The motor-sports and production car program was considerably successful throughout the mid-twenties. Even with the confusion of origins and product names, when Lord Shrewsbury and Talbot allied with Clement. The British cars continued to sell well in France while the French cars enjoyed strong sales in Britain. The British Talbots were known as Talbots and the French Talbots wore Talbot-Darracq badges.
During the Great Depression, sales declined for STD, and cash reserves soon dwindled. There was a mass resignation by the board of directors following an independent audit, which revealed poor management practices and plenty of other problems. The new leadership was unable to reverse the fortunes of the STD company, and in 1934 the company went into receivership.

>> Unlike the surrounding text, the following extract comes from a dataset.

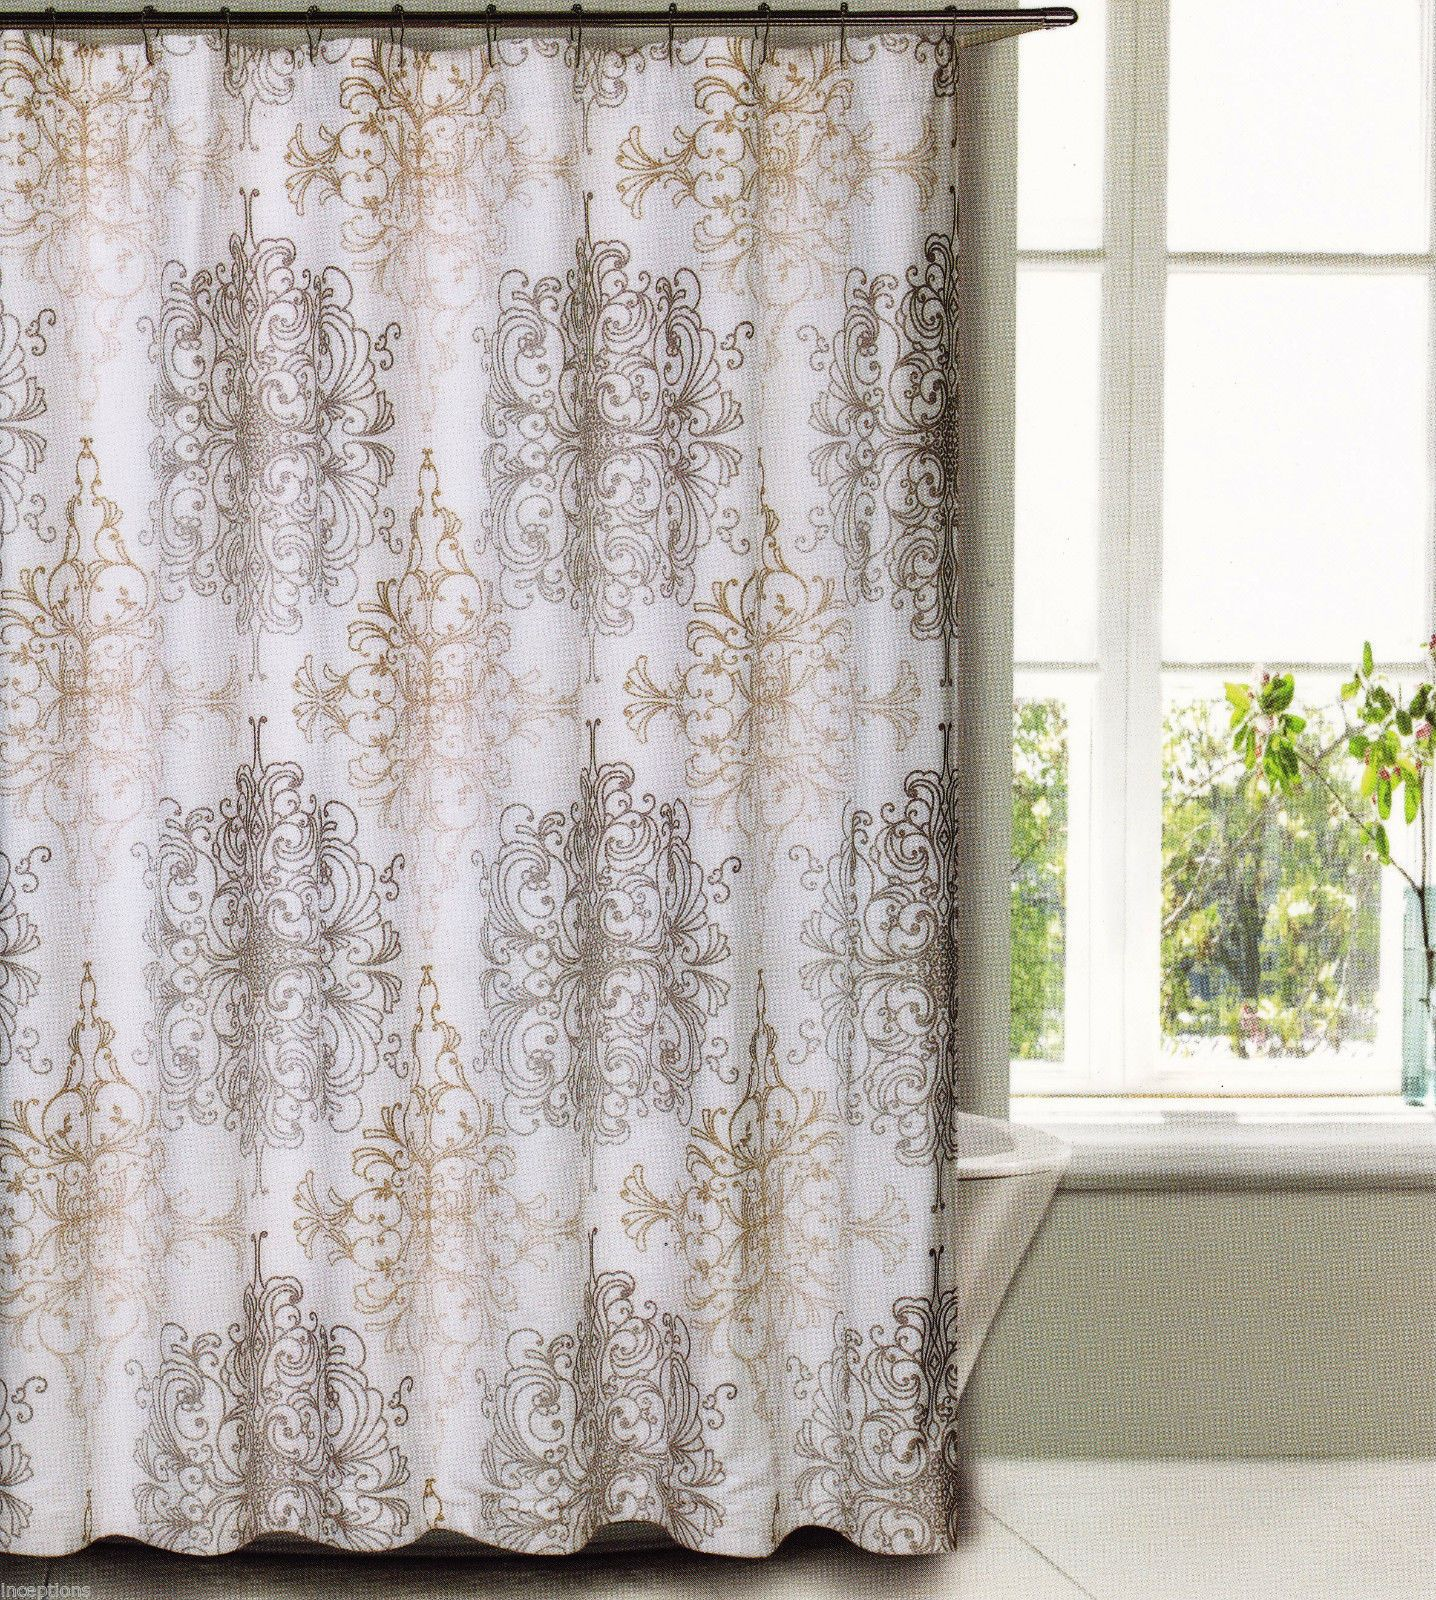 Tahari Fabric Cotton Blend Shower Curtain Milan Scroll Taupe Khaki

After leaving the Italian Army, Lago (a graduate of the Milan Polytechnic Institute) emigrated to England and found employment with a variety of automotive concerns, including Isotta-Fraschini, the Wilson Self-Changing Gear Co., and briefly with STD, serving with Sunbeam operation in Wolverhampton. He joined Sunbeam shortly before STD's financial demise, and saw an opportunity to rescue the brand. He secured adequate financing and took command of the old factory in Suresnes, France. Talbot became Talbot Lago.
One of the early cars to bear the Talbot Lago name was the T120, which was produced from 1935 until the outbreak of World War II in 1939. It had a stylish design with equally impressive performance characteristics. It had a box section frame and a 3-liter overhead valve inline six-cylinder engine developed by Walter Becchia from a design patented in 1934, prior to STD's collapse. It was an advanced design and would become the predecessor to the famous T150C engine. The powerplant produced 90 horsepower and could carry a roadster to a top speed of over 90 mph.
The six-cylinder unit was mated to a four-speed Wilson Pre-Selector gearbox.